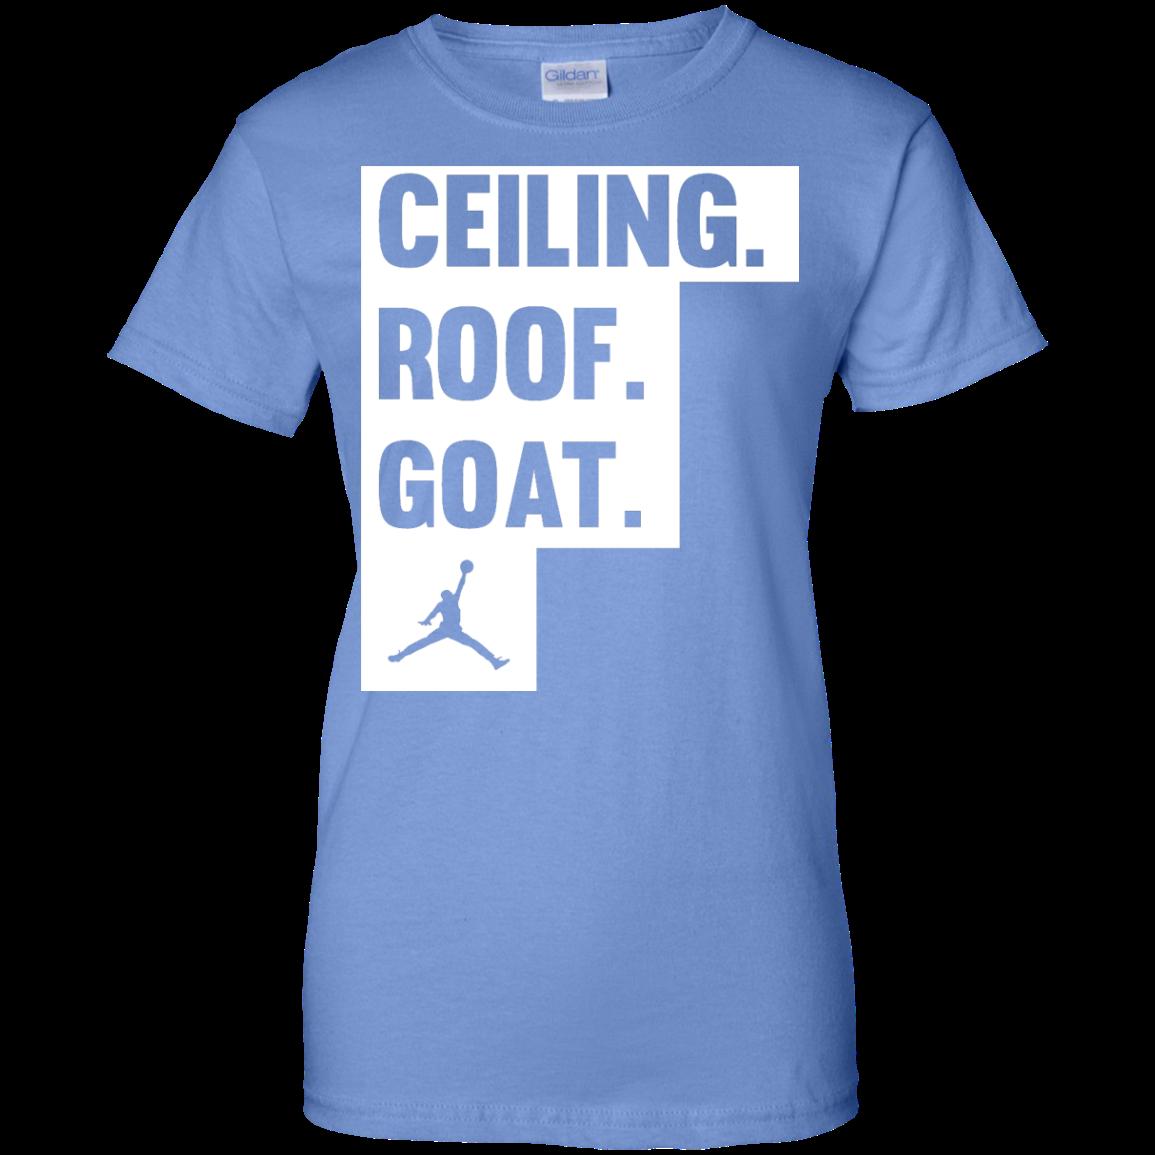 Jordan Ceiling Roof Goat T Shirt Hoodies Tank
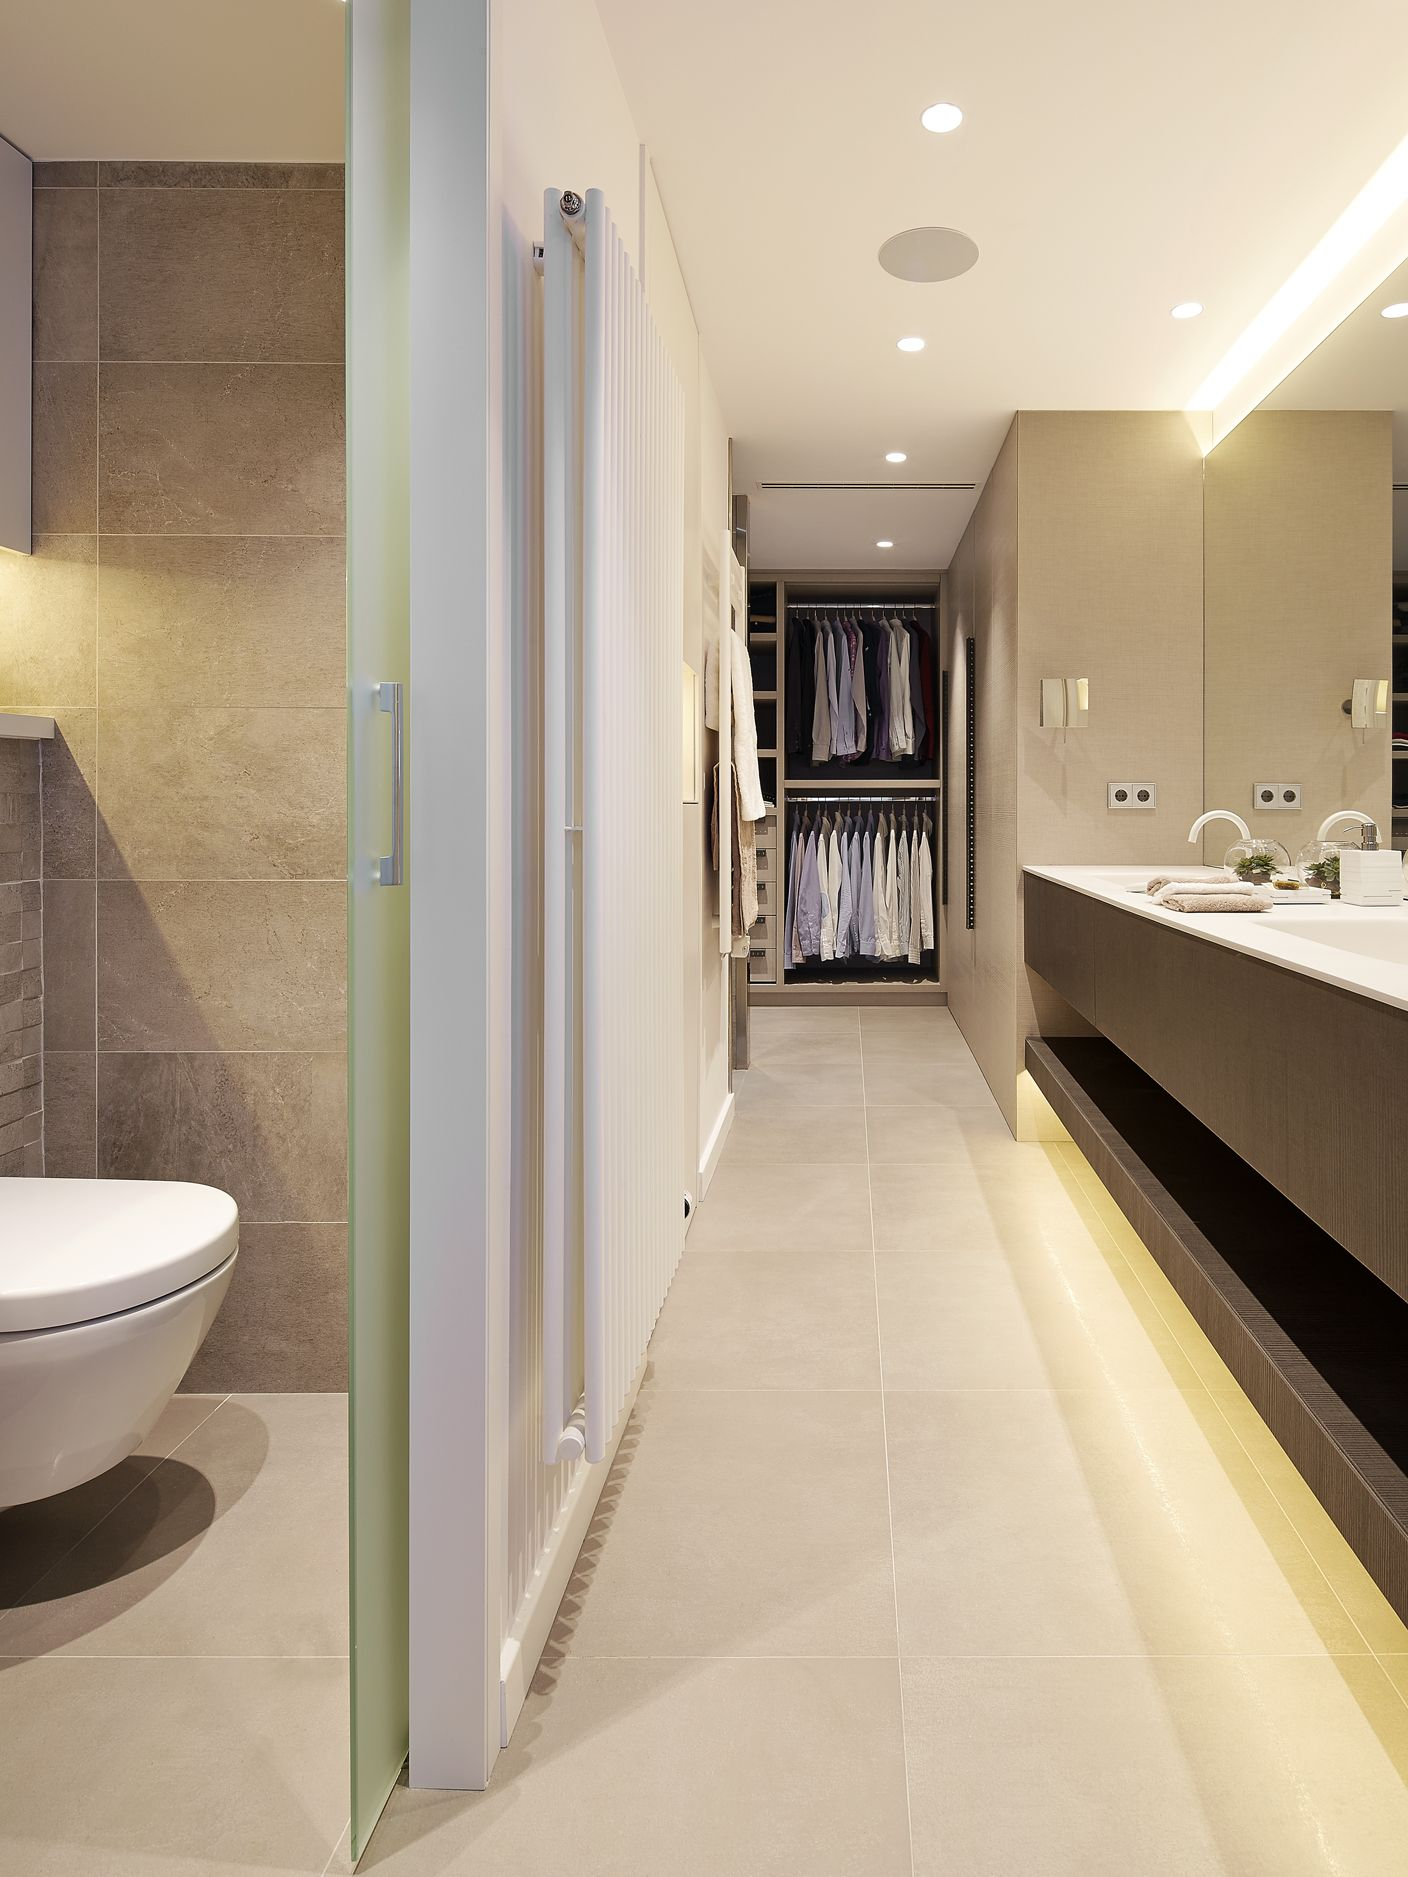 Molins interiors arquitectura interior interiorismo dormitorio principal suite ba o - Arquitectura interior ...
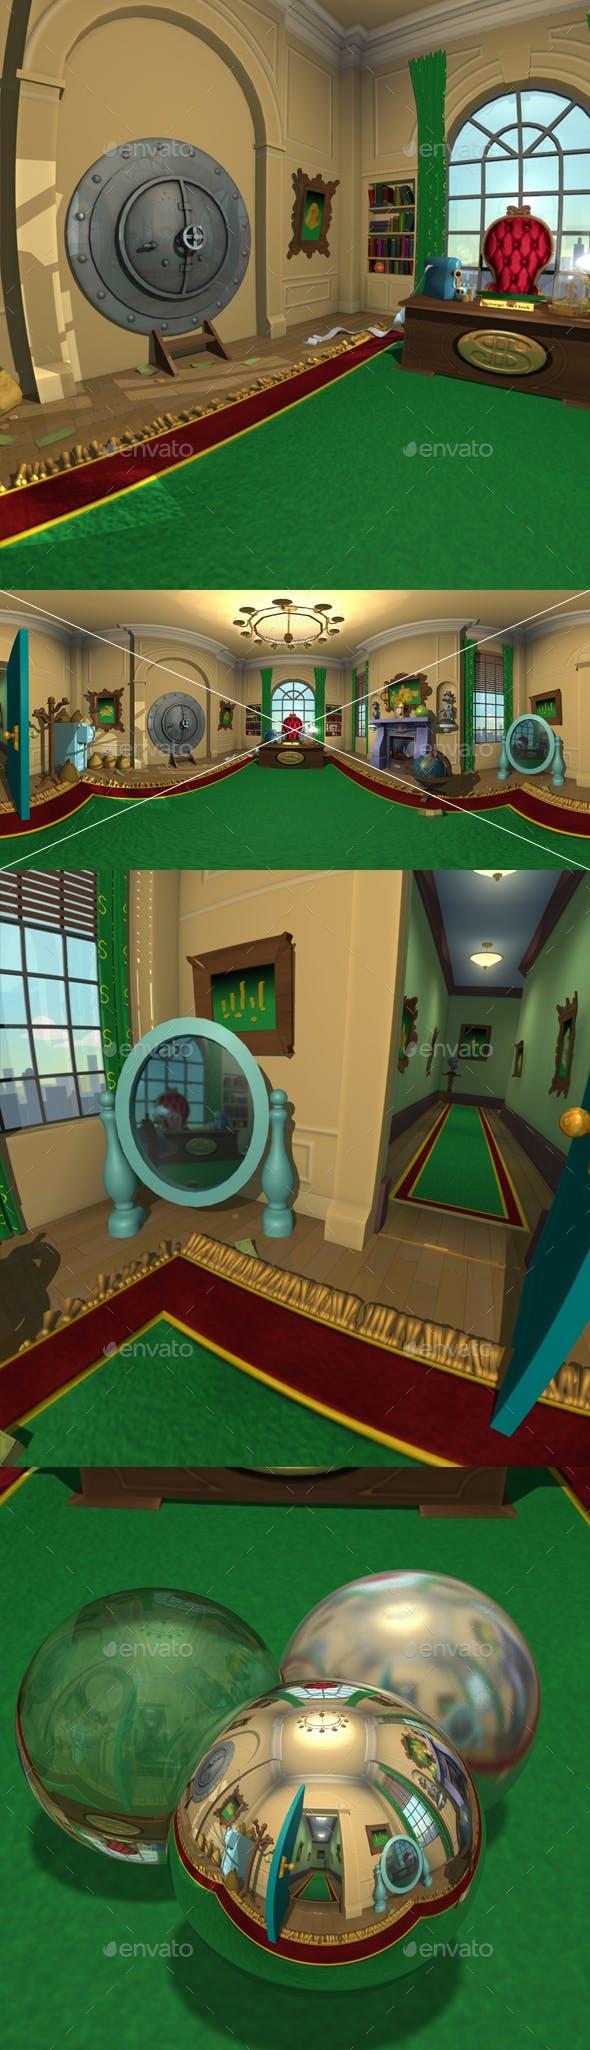 Cartoon Bank Office HDRI - 3DOcean Item for Sale

★ ★ ★ ★ ★

* WHAT YOU SHOULD DO:
The expected output is the material above, repeated exactly and free of pictures.

* ANSWER FOR THE TASK:
 Jordan Ceiling Roof Goat T Shirt Hoodies Tank
 Molins interiors arquitectura interior interiorismo dormitorio principal suite ba o - Arquitectura interior ...
 Cartoon Bank Office HDRI - 3DOcean Item for Sale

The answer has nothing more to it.